In the Philippines, Chinese tourists now rank second behind South Korea and ahead of the United States, with a total of 1.74 million visitors in 2019, a 38.6% increase from a year ago. With tourism establishments contributing 12.7% to the economy, government tourism officials are now scrambling to cover a potential loss of revenue of US$850 million from February to April 2020.
 
Rebalancing, going local
 
As China’s  impact on global growth rises, the country is also rebalancing its economy toward domestic consumption. “In 11 of the 16 quarters since 2015, domestic consumption contributed more than 60% of total GDP growth,” the MGI report notes. “In 2017 to 2018, about 76% of GDP growth came from domestic consumption, while net trade made a negative contribution to GDP growth. As recently as 2008, China’s net trade surplus amounted to 8% of GDP; by 2018, that figure was estimated to be only 1.3% - less than either Germany or South Korea where net trade surpluses amount to between 5% and 8% of GDP.”
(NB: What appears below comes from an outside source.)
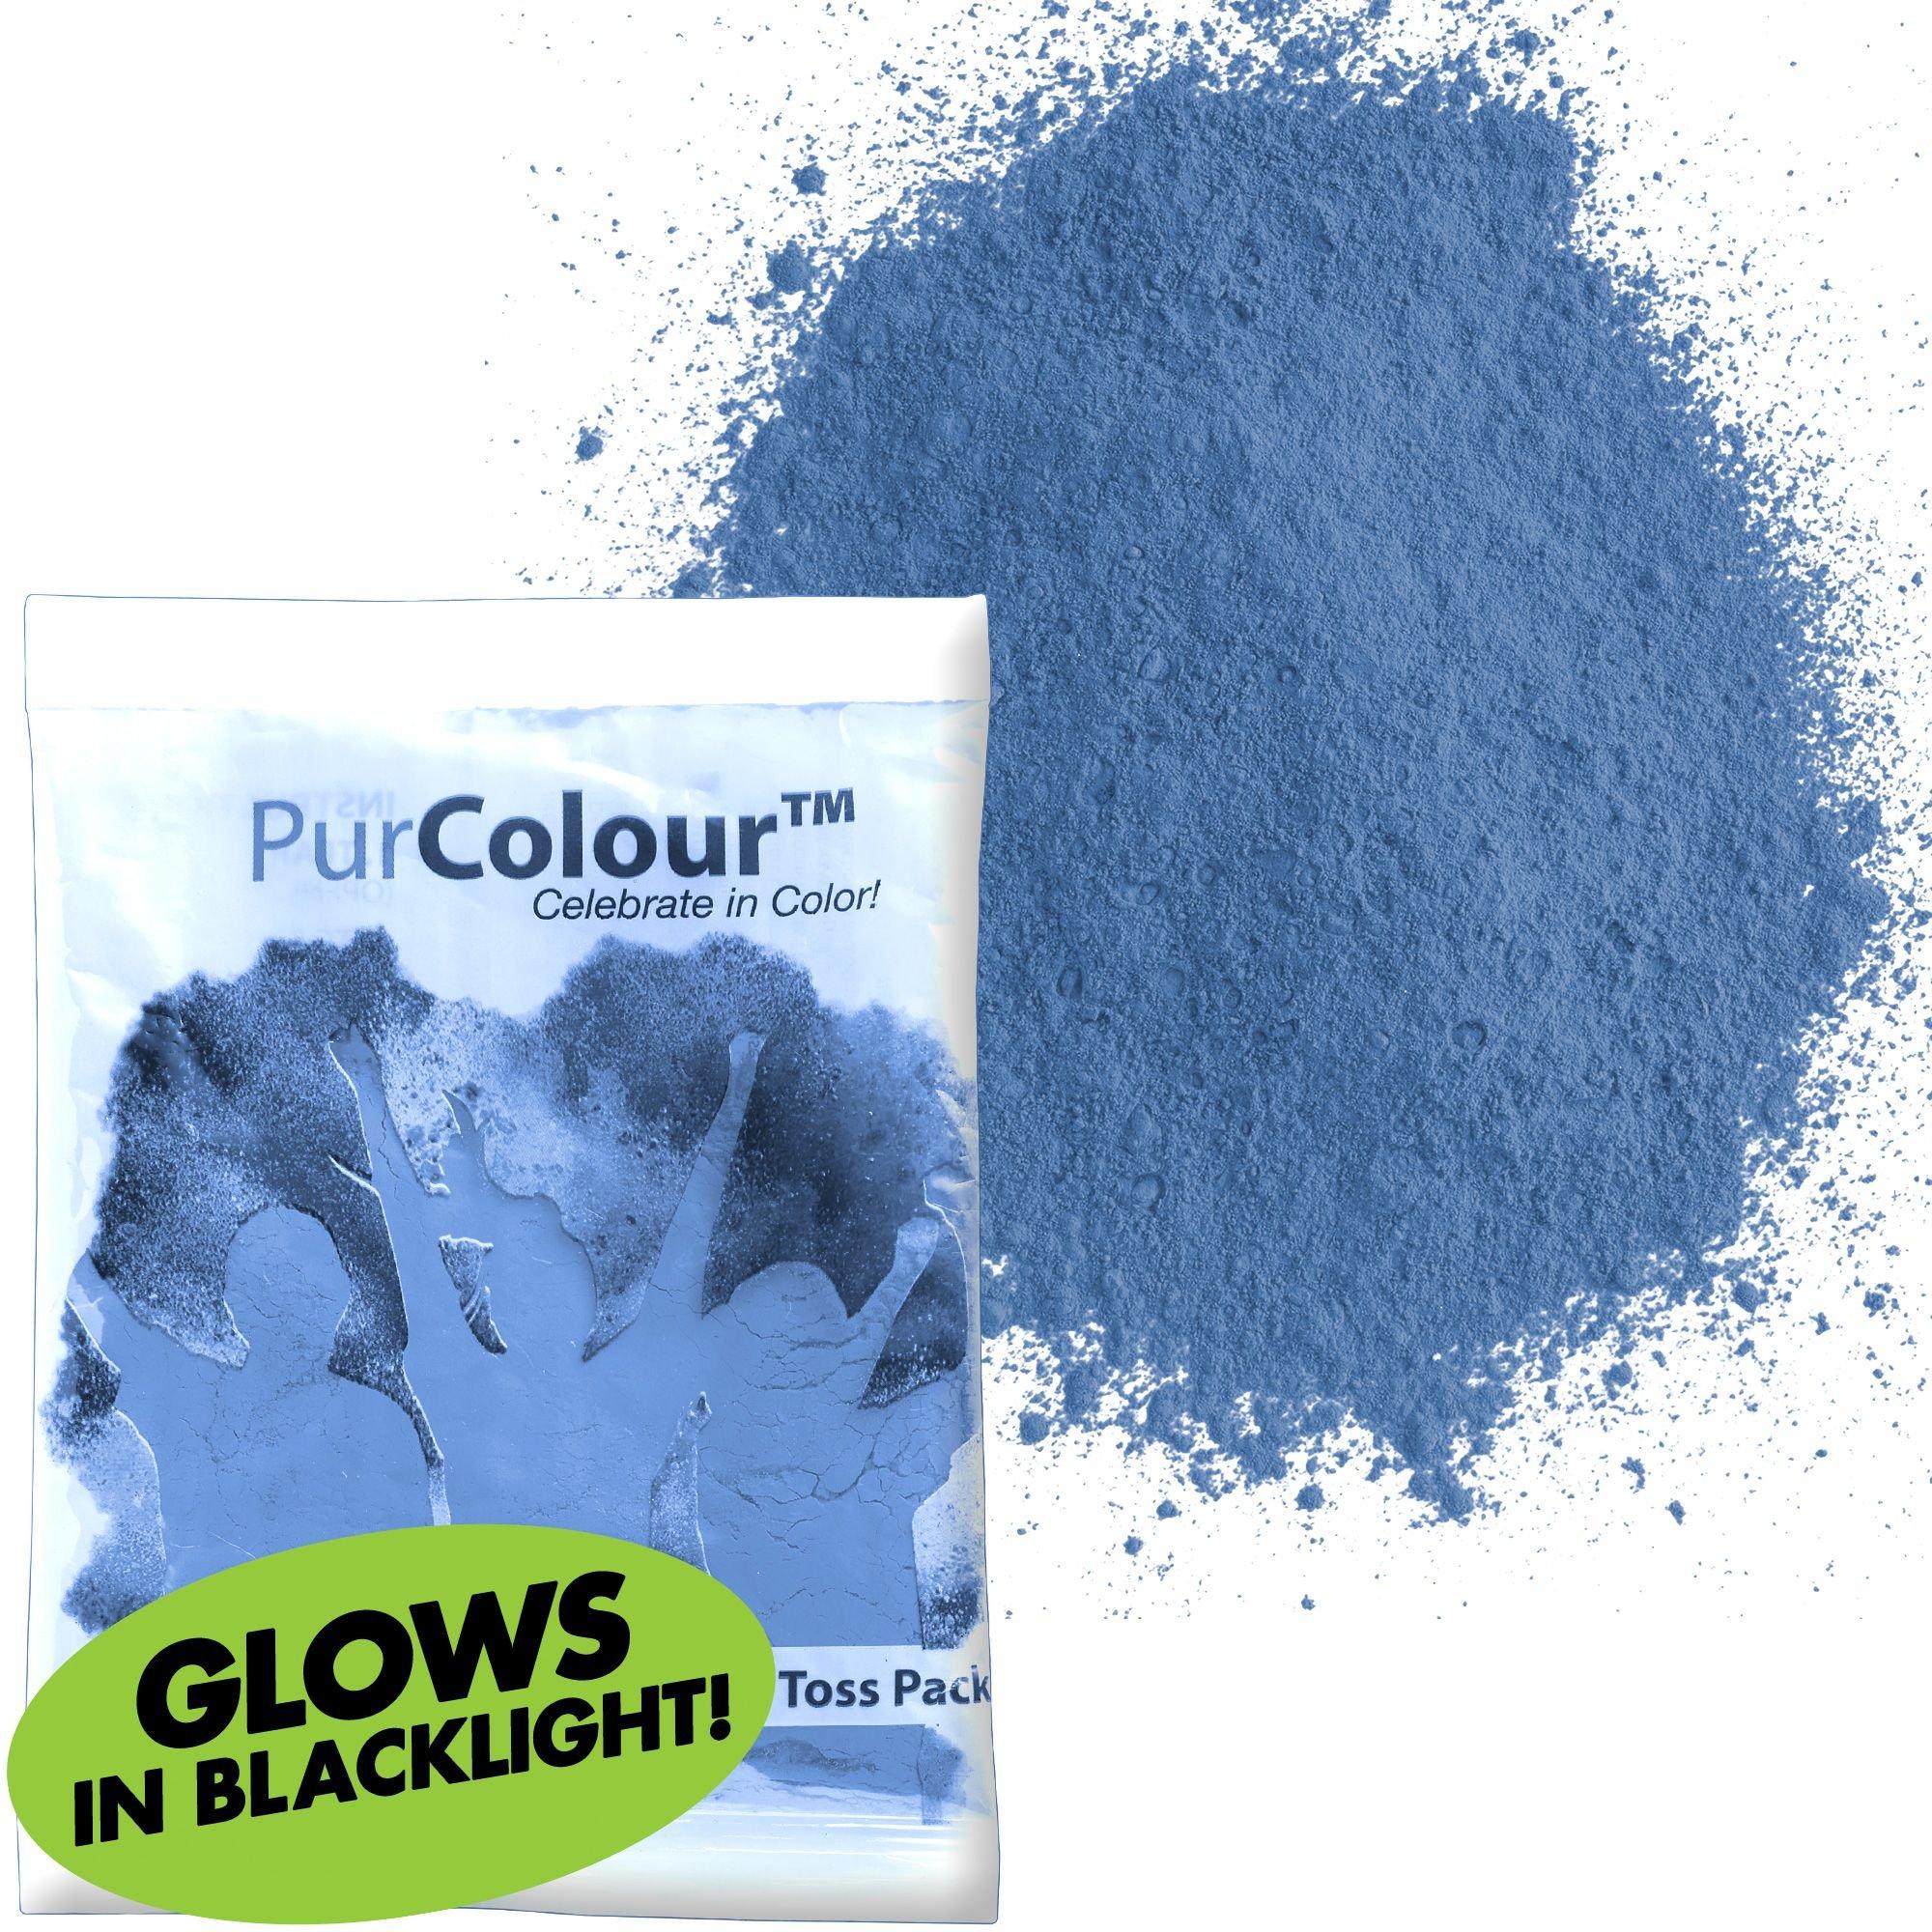 Adult Neon Blue Color Powder 2.6oz Royal/Blue | Halloween Store | Hall

With Covid-19 affecting the rest of the world, some are using the playbook during SARS in 2003/2004 to predict a sharp V-shape recovery for the global economy. The situation today, however, is not the same. For one, SARS was contained largely in China and Hong Kong. This time, the virus has spread to 191 countries and territories with the number of active cases in Europe and North America.
 
How the rest of the world recovers is far more of a concern now even as China restarts economic activity in mid-March 2020.
 
One financier also points out to The Asset that in 2003, China was on a sharp growth trajectory, following its entry into the World Trade Organization. That growth rate has slowed with CICC, a Chinese research house, predicting a 2.6% growth for China in 2020. “The world is worried about China,” he postulates. “But China is worried about the world.” Covid-19 is a health emergency. But it also is reshaping globalization, and has now disrupted the longest bull run in US history.